Settings also lets user set a different voice. The settings file only stores the index of voice being used. It sets the actual voice by looking up in the voices array.

Warning: This means that upon changing the voice files of mimic, voice settings might change. Setting them once more should solve it.

Upon instantiation of chat window, voices are first populated.

In src/chatData.js (class Speaker):

static populateVoices() {
        execute('mimic -lv',function(raw){
            let vArray = raw.split('available: ')[1].trim().split(' ');
            Speaker.mimicVoices = vArray;
        });
}

Implementing speech

Speech is generated by running a mimic command with the right settings. The command constructor simply reads settings and builds a bash string.

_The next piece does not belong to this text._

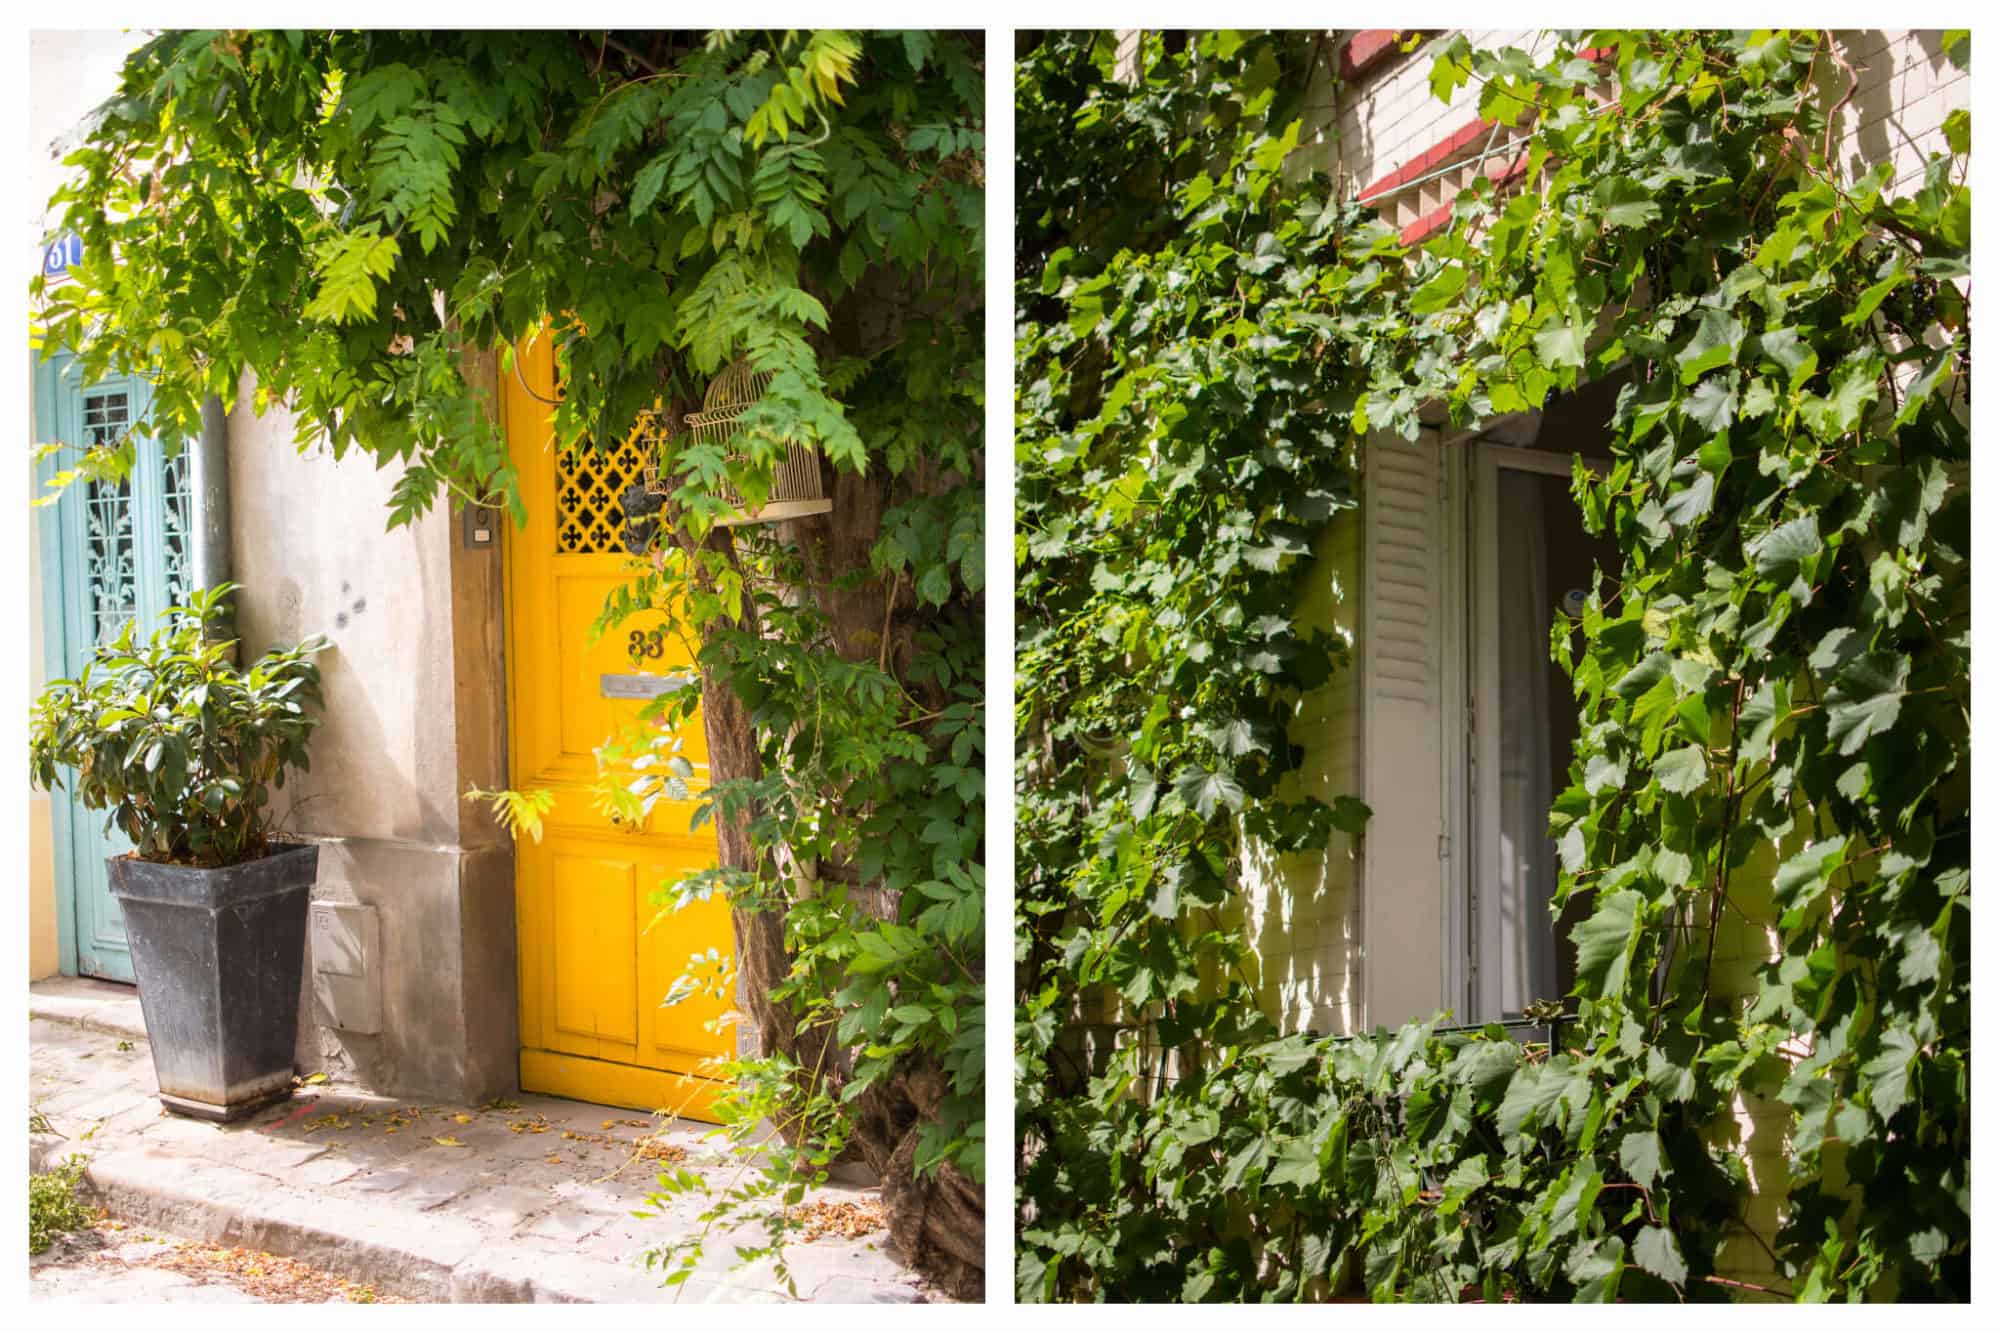 On left: A bright, mustard-yellow door can't hide behind the drooping vines on rue des Thermopyles in Paris' 14th arrondissement. On right: An open window sits open on a sunny day, light shining brightly on the abundance of leaves surrounding it.

In src/chatData.js (class Speaker):

static speak(text) {
        //don't speak if speaker disabled
        if(!Speaker.SPEAKER_ACTIVE) return;
        logv(`speaking ${text}`);
        if(Speaker.mimicIsInstalled){
            //generate command
            let command = `mimic -t "${text}" -voice ${Speaker.mimicVoices[Speaker.SETTINGS.VOICE]} --setf duration_stretch=${Speaker.SETTINGS.SPEED} --setf int_f0_target_mean=${Speaker.SETTINGS.PITCH}`;
            logv(command);
            execute(command,function(raw){
            });
        }else{
            logv('mimic is not installed, turning off tts');
        }
    }

Finally, we trigger speech from chat when:

A new message is received
SPEAKER_ACTIVE is set to true

In src/chatData.js (class ChatData):

static async sendChatMessage(text) {
        //add self message first
        let body = Message.createNewMessage(text);
        this.addNewMessage(new Message(SENDER_PERSON,body));
        let response = await sendPostRequest(URLProvider.messageUrl,body);
        if(response.isError){
            alert('Sending message failed');
        }else{
            let messageCount = response.body.length;
            if(messageCount>0){
                for (let mess of response.body){
                    let message = new Message(SENDER_BOT,mess);
                    //SPEAK!
                    Speaker.speak(message.message);
                    this.addNewMessage(message);
                }
            }else{
                //construct a message
                let message = new Message(SENDER_UNKNOWN,"No response received");
                this.addNewMessage(message);
            }
        }
    }